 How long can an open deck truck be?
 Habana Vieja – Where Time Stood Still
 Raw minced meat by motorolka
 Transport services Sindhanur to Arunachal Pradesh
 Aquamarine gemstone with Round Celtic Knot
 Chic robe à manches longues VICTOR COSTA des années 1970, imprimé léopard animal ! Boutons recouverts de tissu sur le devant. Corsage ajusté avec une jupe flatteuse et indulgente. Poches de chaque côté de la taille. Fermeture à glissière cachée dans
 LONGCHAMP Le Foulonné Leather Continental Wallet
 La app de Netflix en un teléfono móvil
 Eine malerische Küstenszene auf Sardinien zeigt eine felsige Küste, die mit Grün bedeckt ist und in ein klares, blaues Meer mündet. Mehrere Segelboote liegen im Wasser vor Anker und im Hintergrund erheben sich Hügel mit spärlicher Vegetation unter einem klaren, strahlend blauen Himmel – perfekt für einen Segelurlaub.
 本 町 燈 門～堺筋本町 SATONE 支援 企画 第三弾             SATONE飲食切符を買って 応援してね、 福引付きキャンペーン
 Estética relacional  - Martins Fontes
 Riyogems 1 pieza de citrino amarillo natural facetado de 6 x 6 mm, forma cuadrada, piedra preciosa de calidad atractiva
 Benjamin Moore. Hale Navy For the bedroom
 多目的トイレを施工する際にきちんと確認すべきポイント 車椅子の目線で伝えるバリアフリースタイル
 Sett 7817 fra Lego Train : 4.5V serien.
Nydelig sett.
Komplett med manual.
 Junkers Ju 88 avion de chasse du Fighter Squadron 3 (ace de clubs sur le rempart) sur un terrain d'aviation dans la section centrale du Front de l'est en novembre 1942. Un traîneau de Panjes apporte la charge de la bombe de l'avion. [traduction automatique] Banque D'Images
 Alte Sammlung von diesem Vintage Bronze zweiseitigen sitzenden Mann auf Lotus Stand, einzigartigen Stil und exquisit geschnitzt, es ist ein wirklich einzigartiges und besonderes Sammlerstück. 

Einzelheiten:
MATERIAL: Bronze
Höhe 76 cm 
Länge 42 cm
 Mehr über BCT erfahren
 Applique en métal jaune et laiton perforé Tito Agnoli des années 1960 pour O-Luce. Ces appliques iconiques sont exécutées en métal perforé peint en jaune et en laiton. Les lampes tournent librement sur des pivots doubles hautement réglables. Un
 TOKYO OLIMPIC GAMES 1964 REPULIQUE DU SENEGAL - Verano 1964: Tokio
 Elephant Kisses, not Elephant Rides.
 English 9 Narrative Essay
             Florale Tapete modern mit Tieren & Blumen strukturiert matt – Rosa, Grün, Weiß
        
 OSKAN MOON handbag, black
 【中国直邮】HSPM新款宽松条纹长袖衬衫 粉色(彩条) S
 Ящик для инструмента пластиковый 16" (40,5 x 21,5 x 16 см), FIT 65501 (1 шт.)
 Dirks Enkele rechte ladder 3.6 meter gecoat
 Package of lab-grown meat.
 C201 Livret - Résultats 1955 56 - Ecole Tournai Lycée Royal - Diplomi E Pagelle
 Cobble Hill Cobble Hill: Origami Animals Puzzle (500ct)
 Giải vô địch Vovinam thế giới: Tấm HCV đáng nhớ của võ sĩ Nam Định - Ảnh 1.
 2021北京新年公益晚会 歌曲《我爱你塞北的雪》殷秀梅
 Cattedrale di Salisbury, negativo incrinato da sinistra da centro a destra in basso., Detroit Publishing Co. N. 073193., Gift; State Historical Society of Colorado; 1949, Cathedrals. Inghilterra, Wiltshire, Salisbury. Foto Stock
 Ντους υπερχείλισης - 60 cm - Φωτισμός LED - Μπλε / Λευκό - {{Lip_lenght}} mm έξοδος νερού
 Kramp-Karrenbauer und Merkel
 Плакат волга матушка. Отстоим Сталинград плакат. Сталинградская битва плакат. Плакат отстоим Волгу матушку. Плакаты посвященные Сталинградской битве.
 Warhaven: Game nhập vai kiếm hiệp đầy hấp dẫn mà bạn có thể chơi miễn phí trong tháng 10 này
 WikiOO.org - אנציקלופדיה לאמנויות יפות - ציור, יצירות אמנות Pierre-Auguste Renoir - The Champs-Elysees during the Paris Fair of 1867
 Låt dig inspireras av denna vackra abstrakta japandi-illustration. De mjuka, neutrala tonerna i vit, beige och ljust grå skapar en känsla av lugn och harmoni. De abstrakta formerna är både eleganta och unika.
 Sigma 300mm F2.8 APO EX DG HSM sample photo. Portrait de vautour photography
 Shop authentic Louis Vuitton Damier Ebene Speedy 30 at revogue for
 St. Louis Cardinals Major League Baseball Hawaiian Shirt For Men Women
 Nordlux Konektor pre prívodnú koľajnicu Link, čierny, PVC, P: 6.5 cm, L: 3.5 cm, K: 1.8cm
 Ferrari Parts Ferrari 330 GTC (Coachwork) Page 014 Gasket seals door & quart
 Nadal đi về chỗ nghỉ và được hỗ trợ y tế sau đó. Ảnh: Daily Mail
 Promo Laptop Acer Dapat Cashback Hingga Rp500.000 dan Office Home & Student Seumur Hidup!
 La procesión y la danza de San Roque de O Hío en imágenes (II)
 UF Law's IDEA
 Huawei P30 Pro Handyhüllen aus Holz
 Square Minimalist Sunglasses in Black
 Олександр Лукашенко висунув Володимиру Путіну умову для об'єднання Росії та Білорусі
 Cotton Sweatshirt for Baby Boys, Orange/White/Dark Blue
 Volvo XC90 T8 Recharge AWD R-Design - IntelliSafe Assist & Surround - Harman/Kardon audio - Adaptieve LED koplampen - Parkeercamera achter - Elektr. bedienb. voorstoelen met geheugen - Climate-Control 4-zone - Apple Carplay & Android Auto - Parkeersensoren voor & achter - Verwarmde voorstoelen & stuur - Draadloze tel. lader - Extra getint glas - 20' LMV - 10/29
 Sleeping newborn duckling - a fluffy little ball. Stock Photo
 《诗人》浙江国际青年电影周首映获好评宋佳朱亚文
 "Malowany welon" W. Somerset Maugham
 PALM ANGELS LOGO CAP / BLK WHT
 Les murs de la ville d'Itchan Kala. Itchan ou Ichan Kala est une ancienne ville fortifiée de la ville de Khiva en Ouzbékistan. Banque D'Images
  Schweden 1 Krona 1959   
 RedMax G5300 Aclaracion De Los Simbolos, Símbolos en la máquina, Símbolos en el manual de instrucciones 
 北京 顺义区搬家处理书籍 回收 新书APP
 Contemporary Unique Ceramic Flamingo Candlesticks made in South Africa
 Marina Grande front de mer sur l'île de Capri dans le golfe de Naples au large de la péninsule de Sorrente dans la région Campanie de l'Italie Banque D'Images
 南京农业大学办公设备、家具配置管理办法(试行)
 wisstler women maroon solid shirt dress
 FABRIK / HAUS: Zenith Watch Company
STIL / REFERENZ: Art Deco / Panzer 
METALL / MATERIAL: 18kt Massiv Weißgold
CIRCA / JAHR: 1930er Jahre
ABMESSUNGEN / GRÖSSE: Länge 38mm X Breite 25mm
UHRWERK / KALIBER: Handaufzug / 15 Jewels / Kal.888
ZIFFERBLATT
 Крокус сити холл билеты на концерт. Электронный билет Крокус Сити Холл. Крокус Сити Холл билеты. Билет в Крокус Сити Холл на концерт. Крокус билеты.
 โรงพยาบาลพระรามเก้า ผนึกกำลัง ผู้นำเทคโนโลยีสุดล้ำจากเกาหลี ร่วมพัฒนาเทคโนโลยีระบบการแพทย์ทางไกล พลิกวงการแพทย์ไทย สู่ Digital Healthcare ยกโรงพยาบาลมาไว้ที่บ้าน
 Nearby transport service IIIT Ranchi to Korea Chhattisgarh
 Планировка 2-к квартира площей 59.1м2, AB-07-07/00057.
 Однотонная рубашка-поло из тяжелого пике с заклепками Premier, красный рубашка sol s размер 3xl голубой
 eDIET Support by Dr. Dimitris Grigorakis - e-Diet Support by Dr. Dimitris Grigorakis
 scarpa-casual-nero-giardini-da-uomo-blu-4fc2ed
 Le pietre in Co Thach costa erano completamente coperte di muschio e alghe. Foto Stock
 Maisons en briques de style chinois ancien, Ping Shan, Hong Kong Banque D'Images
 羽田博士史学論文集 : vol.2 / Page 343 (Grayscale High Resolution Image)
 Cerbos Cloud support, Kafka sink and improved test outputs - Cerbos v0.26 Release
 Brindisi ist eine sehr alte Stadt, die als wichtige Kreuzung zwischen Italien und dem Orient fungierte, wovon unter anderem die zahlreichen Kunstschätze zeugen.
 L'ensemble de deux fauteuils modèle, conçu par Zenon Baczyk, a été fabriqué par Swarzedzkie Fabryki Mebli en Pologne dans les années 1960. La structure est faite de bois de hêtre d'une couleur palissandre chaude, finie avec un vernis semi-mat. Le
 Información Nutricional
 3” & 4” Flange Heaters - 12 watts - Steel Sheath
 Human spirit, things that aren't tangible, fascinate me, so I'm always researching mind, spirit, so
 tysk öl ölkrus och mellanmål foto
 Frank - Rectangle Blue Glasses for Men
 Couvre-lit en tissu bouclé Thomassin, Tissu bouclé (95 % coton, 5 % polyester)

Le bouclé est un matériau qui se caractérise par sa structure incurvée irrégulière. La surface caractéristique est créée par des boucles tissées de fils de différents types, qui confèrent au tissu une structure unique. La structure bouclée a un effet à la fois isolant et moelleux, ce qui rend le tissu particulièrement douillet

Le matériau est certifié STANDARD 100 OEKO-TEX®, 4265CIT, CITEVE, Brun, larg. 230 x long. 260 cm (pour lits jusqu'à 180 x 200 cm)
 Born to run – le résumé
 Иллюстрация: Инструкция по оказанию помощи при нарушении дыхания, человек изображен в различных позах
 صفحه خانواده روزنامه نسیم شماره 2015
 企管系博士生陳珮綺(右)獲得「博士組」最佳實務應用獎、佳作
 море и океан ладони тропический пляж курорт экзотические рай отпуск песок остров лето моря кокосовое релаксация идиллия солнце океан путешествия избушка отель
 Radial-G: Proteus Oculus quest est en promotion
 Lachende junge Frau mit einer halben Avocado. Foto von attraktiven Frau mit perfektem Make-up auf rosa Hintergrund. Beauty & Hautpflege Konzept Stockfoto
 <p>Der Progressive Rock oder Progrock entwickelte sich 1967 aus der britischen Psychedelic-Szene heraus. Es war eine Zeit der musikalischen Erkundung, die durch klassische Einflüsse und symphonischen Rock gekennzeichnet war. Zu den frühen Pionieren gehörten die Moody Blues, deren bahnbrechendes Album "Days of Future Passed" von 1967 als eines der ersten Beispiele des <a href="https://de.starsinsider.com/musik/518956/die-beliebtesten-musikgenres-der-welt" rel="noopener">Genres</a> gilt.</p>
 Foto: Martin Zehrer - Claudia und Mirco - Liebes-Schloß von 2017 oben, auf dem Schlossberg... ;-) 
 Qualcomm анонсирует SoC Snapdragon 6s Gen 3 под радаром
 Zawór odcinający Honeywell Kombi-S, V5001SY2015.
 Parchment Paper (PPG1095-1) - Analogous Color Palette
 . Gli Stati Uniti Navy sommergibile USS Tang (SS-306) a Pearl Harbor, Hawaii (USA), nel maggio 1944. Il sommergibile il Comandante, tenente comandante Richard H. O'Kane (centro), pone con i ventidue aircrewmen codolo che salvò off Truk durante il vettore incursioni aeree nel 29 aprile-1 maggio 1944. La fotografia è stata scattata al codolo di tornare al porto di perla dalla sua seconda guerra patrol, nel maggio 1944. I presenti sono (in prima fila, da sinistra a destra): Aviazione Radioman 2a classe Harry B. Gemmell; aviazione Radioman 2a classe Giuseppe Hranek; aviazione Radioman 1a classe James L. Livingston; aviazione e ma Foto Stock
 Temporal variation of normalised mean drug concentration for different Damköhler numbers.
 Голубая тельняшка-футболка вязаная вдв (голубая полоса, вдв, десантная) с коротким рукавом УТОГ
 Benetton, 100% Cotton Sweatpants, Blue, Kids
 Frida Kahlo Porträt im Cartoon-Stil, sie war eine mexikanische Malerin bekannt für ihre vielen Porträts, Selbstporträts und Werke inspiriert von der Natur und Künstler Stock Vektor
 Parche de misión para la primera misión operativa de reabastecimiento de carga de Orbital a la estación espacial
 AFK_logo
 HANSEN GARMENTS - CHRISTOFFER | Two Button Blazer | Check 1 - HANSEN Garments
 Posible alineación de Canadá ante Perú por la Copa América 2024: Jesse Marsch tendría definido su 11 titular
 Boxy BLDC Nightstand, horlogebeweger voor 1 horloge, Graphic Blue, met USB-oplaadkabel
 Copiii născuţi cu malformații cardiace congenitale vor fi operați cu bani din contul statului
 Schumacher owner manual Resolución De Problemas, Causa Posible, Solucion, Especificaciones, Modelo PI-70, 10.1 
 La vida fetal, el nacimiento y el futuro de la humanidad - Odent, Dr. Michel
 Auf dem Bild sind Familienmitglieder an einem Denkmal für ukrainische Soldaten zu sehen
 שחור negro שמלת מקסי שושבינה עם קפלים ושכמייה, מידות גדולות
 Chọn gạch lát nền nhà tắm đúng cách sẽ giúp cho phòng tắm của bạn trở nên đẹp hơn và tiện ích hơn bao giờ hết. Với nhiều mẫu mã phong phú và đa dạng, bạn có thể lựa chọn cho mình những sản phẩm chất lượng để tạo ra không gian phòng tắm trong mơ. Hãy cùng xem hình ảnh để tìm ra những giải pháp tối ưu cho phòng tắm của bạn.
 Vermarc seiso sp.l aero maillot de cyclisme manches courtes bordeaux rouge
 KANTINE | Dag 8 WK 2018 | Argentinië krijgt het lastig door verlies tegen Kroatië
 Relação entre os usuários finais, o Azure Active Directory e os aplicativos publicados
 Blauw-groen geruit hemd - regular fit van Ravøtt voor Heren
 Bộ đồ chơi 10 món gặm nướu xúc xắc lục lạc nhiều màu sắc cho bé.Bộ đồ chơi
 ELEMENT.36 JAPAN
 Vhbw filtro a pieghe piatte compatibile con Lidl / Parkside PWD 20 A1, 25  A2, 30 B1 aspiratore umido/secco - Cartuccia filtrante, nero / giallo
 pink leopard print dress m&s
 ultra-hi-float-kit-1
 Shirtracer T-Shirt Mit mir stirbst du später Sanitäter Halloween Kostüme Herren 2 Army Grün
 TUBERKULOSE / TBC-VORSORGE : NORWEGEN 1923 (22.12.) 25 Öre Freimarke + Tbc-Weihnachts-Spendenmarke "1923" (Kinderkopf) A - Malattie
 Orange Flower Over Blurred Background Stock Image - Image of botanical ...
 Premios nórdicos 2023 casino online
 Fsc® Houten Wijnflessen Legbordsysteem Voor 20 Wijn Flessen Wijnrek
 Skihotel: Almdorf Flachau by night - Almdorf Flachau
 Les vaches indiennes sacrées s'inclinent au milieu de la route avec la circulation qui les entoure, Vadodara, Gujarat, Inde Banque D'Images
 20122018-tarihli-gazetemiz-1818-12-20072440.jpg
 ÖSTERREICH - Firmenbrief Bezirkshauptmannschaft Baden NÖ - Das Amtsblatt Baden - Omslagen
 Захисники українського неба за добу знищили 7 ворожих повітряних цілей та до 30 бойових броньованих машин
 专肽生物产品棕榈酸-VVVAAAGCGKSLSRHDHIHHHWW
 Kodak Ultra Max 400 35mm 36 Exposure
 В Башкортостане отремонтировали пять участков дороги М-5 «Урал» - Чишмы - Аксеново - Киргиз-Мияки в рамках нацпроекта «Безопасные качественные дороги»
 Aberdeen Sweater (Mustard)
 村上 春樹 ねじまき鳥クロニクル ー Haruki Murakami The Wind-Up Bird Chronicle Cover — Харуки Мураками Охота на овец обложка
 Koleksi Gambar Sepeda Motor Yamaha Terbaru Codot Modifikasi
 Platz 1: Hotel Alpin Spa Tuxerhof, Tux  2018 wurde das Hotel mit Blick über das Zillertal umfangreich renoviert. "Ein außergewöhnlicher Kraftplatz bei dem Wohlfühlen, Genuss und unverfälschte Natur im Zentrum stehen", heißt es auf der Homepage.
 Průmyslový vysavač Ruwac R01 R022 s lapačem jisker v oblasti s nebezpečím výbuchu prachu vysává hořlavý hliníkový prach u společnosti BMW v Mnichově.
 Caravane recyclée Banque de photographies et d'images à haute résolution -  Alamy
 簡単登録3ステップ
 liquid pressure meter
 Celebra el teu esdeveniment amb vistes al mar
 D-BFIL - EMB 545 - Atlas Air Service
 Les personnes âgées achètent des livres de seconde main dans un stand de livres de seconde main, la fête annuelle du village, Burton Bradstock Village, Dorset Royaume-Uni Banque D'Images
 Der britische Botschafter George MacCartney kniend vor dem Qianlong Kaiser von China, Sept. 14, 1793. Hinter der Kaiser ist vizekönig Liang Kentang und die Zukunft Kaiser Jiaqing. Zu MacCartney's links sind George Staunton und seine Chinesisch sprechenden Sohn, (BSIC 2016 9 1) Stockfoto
....................
▸ Work request:
Given the data above, transcribe exactly the lines from the one containing "Temporal variation of" down to the one containing "Copiii născuţi cu", and no others.

▸ Output for this exercise:
 Temporal variation of normalised mean drug concentration for different Damköhler numbers.
 Голубая тельняшка-футболка вязаная вдв (голубая полоса, вдв, десантная) с коротким рукавом УТОГ
 Benetton, 100% Cotton Sweatpants, Blue, Kids
 Frida Kahlo Porträt im Cartoon-Stil, sie war eine mexikanische Malerin bekannt für ihre vielen Porträts, Selbstporträts und Werke inspiriert von der Natur und Künstler Stock Vektor
 Parche de misión para la primera misión operativa de reabastecimiento de carga de Orbital a la estación espacial
 AFK_logo
 HANSEN GARMENTS - CHRISTOFFER | Two Button Blazer | Check 1 - HANSEN Garments
 Posible alineación de Canadá ante Perú por la Copa América 2024: Jesse Marsch tendría definido su 11 titular
 Boxy BLDC Nightstand, horlogebeweger voor 1 horloge, Graphic Blue, met USB-oplaadkabel
 Copiii născuţi cu malformații cardiace congenitale vor fi operați cu bani din contul statului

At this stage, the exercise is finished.